When Rush Limbaugh and others in the "wingnut media" talk about climate change, it's not really about science. It's all about politics. So showing how the science offered by people like Avery is "wrong" is pointless. Limbaugh and company are not going to be swayed by science. They are going to use — and abuse — science to achieve their own political (and mercentary) aims. And their audience probably is not open to scientific persuasion either. Because they view science through a powerful philosophical and political screen.

It gets right back to Hulme's points about values. Scientific right or wrong matters here much less than those underlying values.

So I'd save your breath. Don't bother with trying too hard to counteract the Singers of the world. Playing in their ballfield puts you right where they want you — in a position where they can show that their science is just as legitimate as yours. This was shown in dramatic fasion the other day when Gavin Schmidt and two colleagues agreed to take on Richard Lindzen, Michael Crichton and Pillip Stott in an Oxford-style debate in New York. The debate question was whether global warming is a crisis. The majority of folks in the audience went in to the event inclined to think that it most definitely was. A majority came out thinking the opposite. For a good description of what happened, see Pat Joseph's blog at the Sierra Club.

-- Tom Yulsman

ankh said...

If by "show" you mean "fool people" yes.
Public debate is about all the anti-evolution folks have been able to manage for decades now, in the absence of any science. It's their last refuge.

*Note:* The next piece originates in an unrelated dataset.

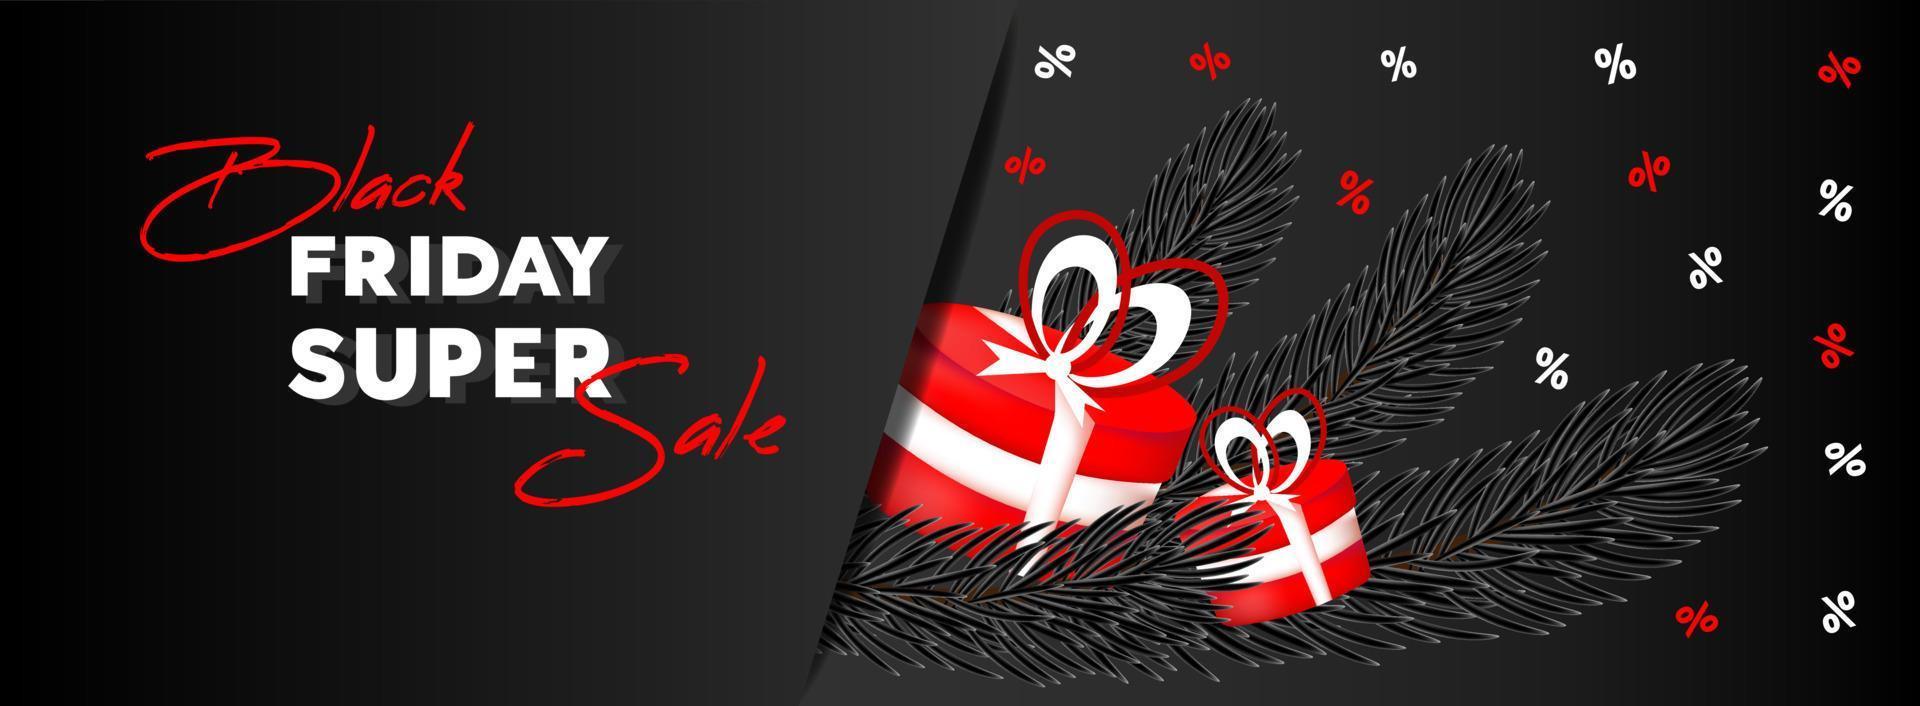 schwarzer Freitag. Verkaufsbanner, Flyer. Text, Weihnachtsbaumzweige und rote Geschenkboxen auf schwarzem Hintergrund. vektor

As others have pointed out, this may also be the explanation of the Fermi Paradox (why there's no sign of intelligent life in the universe).

Steve Bloom said...

I think I didn't make my point very well. I agree that there's no value in debating the likes of Avery and Singer (or Crichton, Lindzen and Stott). What I am suggesting is that it's worth removing their public platform in order to eliminate the appearance that there's still a debate. People like Limbaugh are the rotten core of the onion and certainly cannot be gotten at directly very easily, but the outer layers like Fox and AEI are a different story. Once those layers are peeled away, I think we'll see even Limbaugh's tune begin to change. Preliminary efforts already seem to have net with a degree of success. For example, recently a blogger named Spocko used clip's from Disney-owned KSFO to convince advertisers to boycott the station. He had some success, following which Disbey sicced their lawyers on him, following which Disney ended up in a deeper hole than they had started out in. Similarly, recall the pressure put on ExxonMobil to at least pretend to drop its support for CEI et al. Could a more comprehensive effort substantially reduce the funding and thus the profile of the delusionists?